I examined this Arizona boulder, and more importantly, the slope of the ledge it sits on, and the angle is very telling of how unlikely it is that this boulder remained on this ledge from an at-random geologic process. There is 15 degree slope on the ledge-top, as you can see. To counter that, on the boulder’s base, is a cut of about 15 degrees, fitting the boulder to the ledge perfectly. This is a fixture; an intentional fit, in my opinion. Additionally, there are markings all over this boulder, which is a type of “ledge-boulder” found in sacred zones all over the country. The odds that all of these boulders are placed at random at the very edge of vantage-giving ledges is, to put it blatantly: gastronomical multiplied by gastronomical; impossible.
Take a look at yet another free-sitting boulder on a rounded ledge which is ‘vantage-giving’. This boulder is 2500 miles away, in New England. See how rounded this ledge is? For this boulder to remain fixed on top of this rounded precipice it would have to sit in the absolute gravitational center, which it does. Again this an example where if you use logic, and not simply dismiss the statement with brazen theories about ancient ice-sheets, the truth will come out. Someone, or something put this boulder here in order to say: “This is my zone; see how strong I am; beware!”
If this “territorial fixture” still doesn’t seem realistic to you, take a look at this amazing statement at Cavan Burren National Park in Ireland. It should be understood by the reader that Cavan Burren is filled with sacred megaliths; altars with standing stones, small temples, and Neolithic engineering. Someone claimed this space for themselves in antiquity, and in this space what do we find? A free-sitting boulder perfectly placed on a tiny platform of bedrock. Modern “science” is telling us to believe a massive glacier rolled this single boulder hundreds, or even thousands of miles, only to land it perfectly square and set on this minuscule 4 by 3 foot space of embedded rock? No. Impossible. Absurd. Illogical. And to me, insulting. Again, this is clearly an example of a boulder which was placed by an individual(s) in ancient times, as a statement to others that this zone is occupied, and by someone with incredible strength and know-how. Furthermore, here are some of the Neoliths found within just 25 yards of this boulder: (Image/Left) and (Image/Below/Right). How can we go on believing the academic narrative of the post-modernists? They are blatantly lying to us in their white-papers, mini-museums, and gift shops. Why? What do they not want us to conclude? Well, regardless, perhaps these academics didn’t expect someone with a Degree in Western Literature, and some perspective, to make the effort to actually study these places in detail. Perhaps they are RELYING on the fact that people don’t make the effort to stride into these sacred zones from one continent to the next. And these free-standing statements can be found in forests all over the world. Here’s a look at some of the very strange and distinct boulders that remain in Cavan Burren Forest, just 100 yards from the Wedge Tombs. Celtic glades in Ireland are rare, and these boulders are strewn into the landscape like an above ground cable system. Covered in glowing green moss, they just looked to have some positional secret yet to be understood…
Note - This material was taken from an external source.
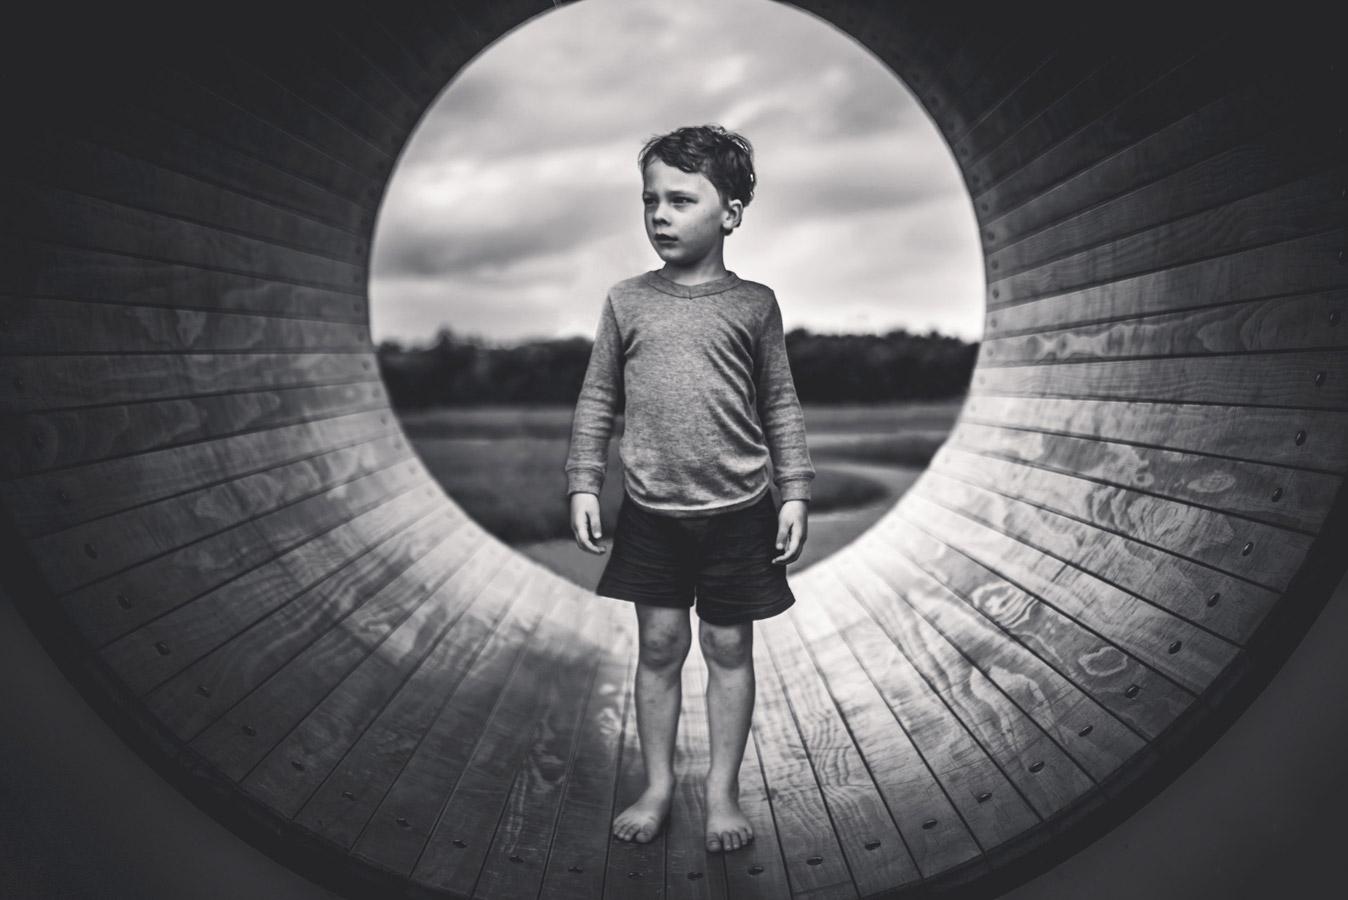 Ольга Левиен / Olga Levien, Новая Зеландия, 1-е место в категории «Дети», Фотоконкурс «Семья» — Rangefinder Family
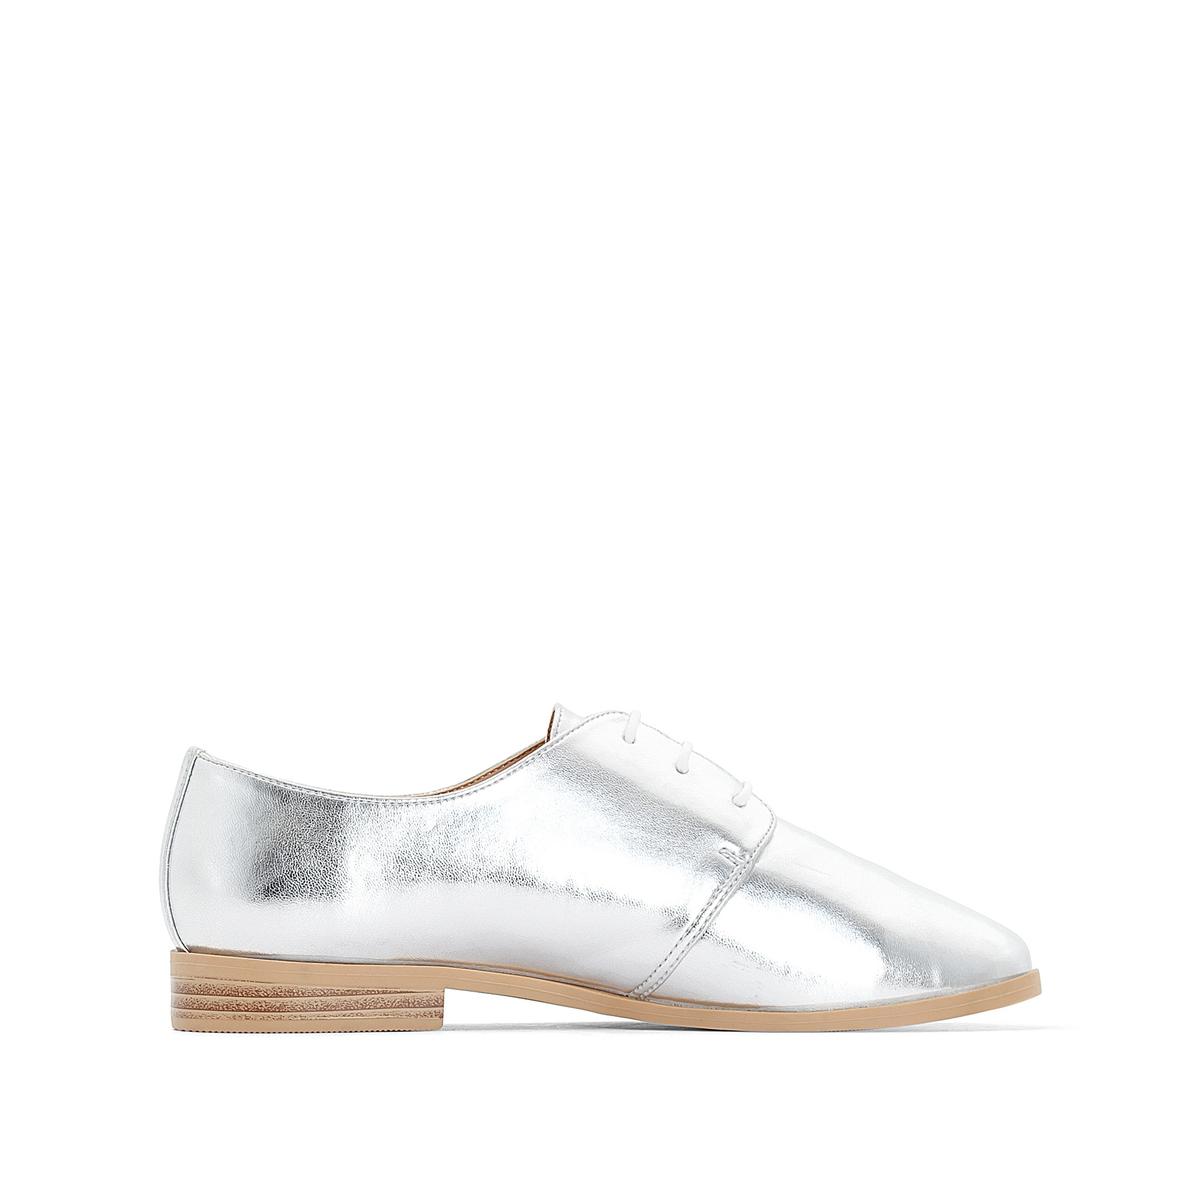 Ботинки-дерби из мягкого материала с металлическим блеском

And now take a look at a similarly stoic boulder in the forest of Cococino, 4000 miles away. It has precise indents on its side, also with a strange glow, which is of course rusty orange, rather than mossy green. These boulders seem plotted, or planted, rather than randomly tossed about by ice. They are both squared and monumental, as opposed to disheveled. Another very real possibility is that the stones were there long before the forests grew. Were the stones there before the glacier came along? In some forests you can easily see that the stones were there first, as the trees grow straight over the rock. The point is, there are a great many questions that are not answered by the one size fits all modern answers of “glacial displacement.”Coconino National Forest: Welcome to a Ponderosa Pine vale that stretches from the northern to southern heart of Arizona. Grand sections of forest emerge all the way from the Grand Canyon down to Sunset Crater Flagstaff, continuing even further down through Oak Creek Canyon, in Sedona. In this environment entire glades of trees are literally on the edge of burning at any given moment. Many trees are already lying prostrate on the ground with limbs seemingly reaching to the heavens, begging to be finally ignited by the Sun. I had just never seen trees like this before.Even with the challenge of an extremely arid climate, many incredibly delicate and beautiful statements emerge in the dry hedge and shade. These wildflowers just look so resilient against a massive canvas dry-wood in the background.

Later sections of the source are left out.